Directions
From the first line through the one containing "mixed-numbers-and-decimals-worksheets", restate the listing word for word, and give no other lines.

Extracted data
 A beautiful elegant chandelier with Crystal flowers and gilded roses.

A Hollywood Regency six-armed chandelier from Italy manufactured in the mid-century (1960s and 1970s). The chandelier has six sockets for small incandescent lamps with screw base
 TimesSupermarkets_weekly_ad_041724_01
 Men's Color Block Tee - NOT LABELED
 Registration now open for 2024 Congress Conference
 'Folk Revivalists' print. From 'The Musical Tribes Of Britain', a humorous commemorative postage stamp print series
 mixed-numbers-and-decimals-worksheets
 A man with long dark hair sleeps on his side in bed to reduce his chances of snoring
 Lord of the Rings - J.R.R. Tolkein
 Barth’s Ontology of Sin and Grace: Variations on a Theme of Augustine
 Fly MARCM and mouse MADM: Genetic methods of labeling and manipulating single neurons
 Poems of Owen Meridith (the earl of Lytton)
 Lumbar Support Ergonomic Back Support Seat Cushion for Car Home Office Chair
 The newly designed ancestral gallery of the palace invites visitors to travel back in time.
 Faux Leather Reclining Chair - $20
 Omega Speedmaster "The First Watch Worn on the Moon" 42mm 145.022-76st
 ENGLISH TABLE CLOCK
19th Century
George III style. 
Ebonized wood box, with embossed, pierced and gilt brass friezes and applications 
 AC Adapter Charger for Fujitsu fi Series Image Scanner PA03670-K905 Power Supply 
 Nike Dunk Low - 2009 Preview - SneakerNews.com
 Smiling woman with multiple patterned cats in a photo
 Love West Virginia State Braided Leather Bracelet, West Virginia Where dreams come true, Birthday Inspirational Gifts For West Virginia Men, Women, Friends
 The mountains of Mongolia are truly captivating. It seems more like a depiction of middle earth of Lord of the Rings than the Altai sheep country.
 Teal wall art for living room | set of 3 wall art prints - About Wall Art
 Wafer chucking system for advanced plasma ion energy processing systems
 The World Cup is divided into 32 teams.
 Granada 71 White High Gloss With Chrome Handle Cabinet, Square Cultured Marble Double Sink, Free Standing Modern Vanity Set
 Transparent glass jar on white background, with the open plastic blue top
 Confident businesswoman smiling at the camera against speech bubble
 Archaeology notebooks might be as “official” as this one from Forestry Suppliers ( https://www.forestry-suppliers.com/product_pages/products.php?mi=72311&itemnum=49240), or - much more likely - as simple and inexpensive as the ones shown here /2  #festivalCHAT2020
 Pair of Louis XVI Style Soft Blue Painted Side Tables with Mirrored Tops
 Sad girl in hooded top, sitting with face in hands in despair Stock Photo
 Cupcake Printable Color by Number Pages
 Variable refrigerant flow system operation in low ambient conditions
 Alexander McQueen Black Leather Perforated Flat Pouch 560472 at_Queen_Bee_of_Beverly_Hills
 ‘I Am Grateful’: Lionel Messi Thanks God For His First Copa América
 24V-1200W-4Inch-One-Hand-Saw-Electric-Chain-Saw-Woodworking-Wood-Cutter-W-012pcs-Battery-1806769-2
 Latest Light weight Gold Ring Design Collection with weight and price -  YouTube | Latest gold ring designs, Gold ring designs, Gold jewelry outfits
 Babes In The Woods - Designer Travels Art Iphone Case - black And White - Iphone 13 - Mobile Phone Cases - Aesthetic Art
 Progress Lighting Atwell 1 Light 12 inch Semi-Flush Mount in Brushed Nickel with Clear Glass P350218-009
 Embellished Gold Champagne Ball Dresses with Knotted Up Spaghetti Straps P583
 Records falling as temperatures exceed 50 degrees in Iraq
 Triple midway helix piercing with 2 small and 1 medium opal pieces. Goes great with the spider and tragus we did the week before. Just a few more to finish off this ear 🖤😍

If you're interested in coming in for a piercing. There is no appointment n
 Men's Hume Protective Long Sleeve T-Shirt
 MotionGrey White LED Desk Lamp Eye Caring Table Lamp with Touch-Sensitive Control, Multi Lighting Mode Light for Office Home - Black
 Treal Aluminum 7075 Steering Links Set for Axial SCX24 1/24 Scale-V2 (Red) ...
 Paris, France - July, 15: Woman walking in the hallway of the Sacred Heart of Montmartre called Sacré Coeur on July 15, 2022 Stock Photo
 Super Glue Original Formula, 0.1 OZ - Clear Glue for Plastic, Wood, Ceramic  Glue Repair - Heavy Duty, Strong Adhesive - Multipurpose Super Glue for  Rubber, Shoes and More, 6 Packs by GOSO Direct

Task solution
 A beautiful elegant chandelier with Crystal flowers and gilded roses.

A Hollywood Regency six-armed chandelier from Italy manufactured in the mid-century (1960s and 1970s). The chandelier has six sockets for small incandescent lamps with screw base
 TimesSupermarkets_weekly_ad_041724_01
 Men's Color Block Tee - NOT LABELED
 Registration now open for 2024 Congress Conference
 'Folk Revivalists' print. From 'The Musical Tribes Of Britain', a humorous commemorative postage stamp print series
 mixed-numbers-and-decimals-worksheets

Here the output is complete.